I am sure everyone will recommend the book "Healthy Sleep Habits, Happy Baby" by Dr. Mark Weisblut because it is fabulous. Falling asleep is a learned process and children often take a while to learn it. your baby is still quiet young. By about 4 months old a baby should be able to sleep through the night and not need any feeding during the night. I think the advice in Weisblut's book is make sure your baby is getting enough naps, once 90 mins awake or even an hour has passed look for the signs of tiredness and the moment you see them, get baby to go to sleep. Sleep begets sleep. So having baby well rested helps baby stay well rested. At 14 weeks, baby might be able to go from 10pm to 5 or 6pm if you feed baby at 10pm. If baby wakes, probably after about 3 hours as we have 3 hour sleep cycles, see if you leave baby for a little while if he /she can fall back to sleep. If you go in each time, then you are in some ways disrupting the babies attempts to fall to sleep on his own. Good luck. Working on it now is well worth it as some people who always take baby into their bed and don't let them cry at all often have years of problems, which isn't good for anyone's health.
It will get better - around 8-16 weeks can be really hard.
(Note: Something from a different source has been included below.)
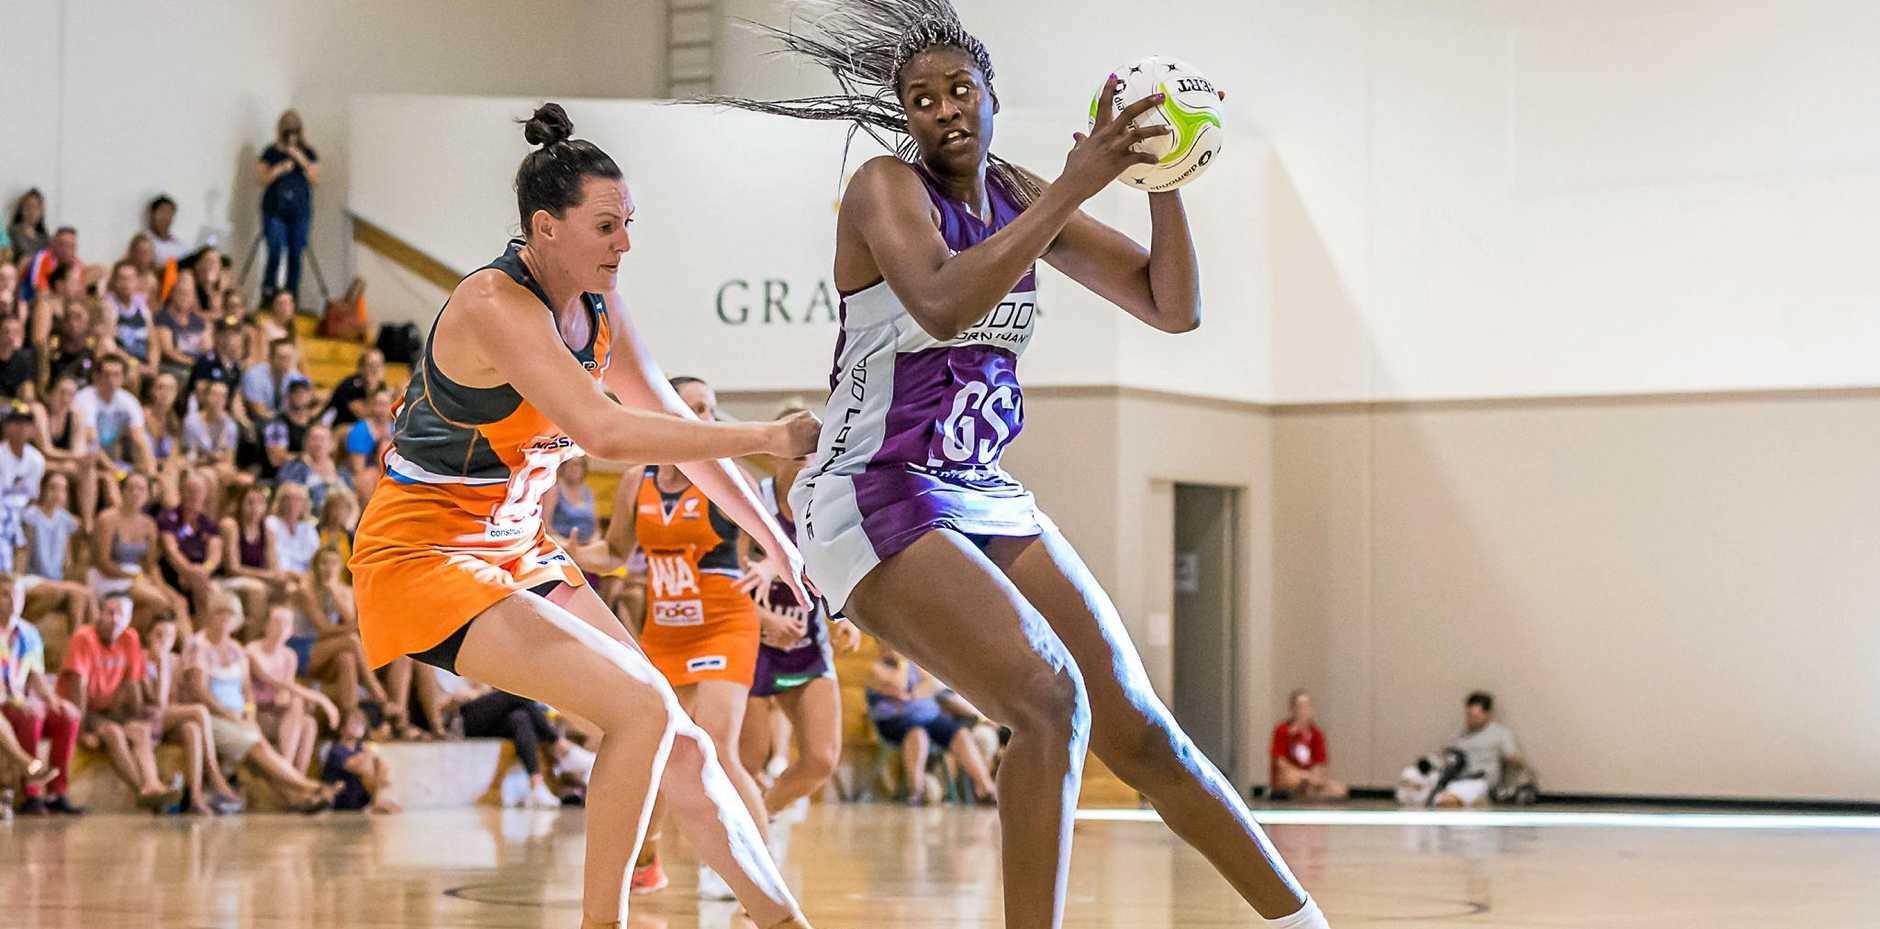 Romelda Aiken in control during a recent practice match.

It sounds like she doesn't know how to fall back asleep upon waking up. Believe it or not, it's a skill that babies need to learn. It's important for them to realize that once they wake up in the middle of the night, it doesn't mean it's time to get up--they have to learn that they can simply put their head back down and go back to sleep. For them to do this w/o prompting, they must be able to recreate their sleeping situation by themselves. If you are picking her up and rocking her during this time, she thinks that is normal and is what is supposed to happen when she wakes up at night. Instead of picking her up, go in and pat her back or bottom and say ssssshhhh until she settles down. Everytime she starts to fuss, do it again and then stop immediately when she quiets down. Repeat this until she stays quiet and settles back down. Very soon you'll notice her going back to sleep on her own. Also, I don't know if you're running in there every time as soon as she is awake or not. If so, try waiting and letting her fuss for 5-10 min before going in and see if she calms herself back to sleep. If you can tell she is just getting herself more worked up, I'd go in and start patting and sssshhhing. Once I started doing this my baby became a much better sleeper. Blessings!
Let's see - 14 weeks old. Yep, just about right. Are you breastfeeding this baby? Babies experience a growth spurt around this time and a breastfed baby will want to nurse more often for a little while in order to increase Mom's milk supply. Whether or not your baby is breastfed, she may be experiencing a growth spurt and doing what comes naturally. At 14 months few babies sleep all night anyway. the fact that she did for a few weeks gave you some respite. Waking at 1 a.m. and 5 a.m. is pretty normal at this age. It will change. And change again. That's how babies are.
Another vote for "Healthy Sleep Habits, Happy Child". It's written by Dr. Marc Weissbluth, a Chicago Pediatrician who specializes in infant/child sleep issues with over 30 years of research.
Even if you never use the techniques in the book, it would be especially helpful for you to understand the sleep cycles and patterns of infants, and then you can tailor your techniques to respect her need for sleep.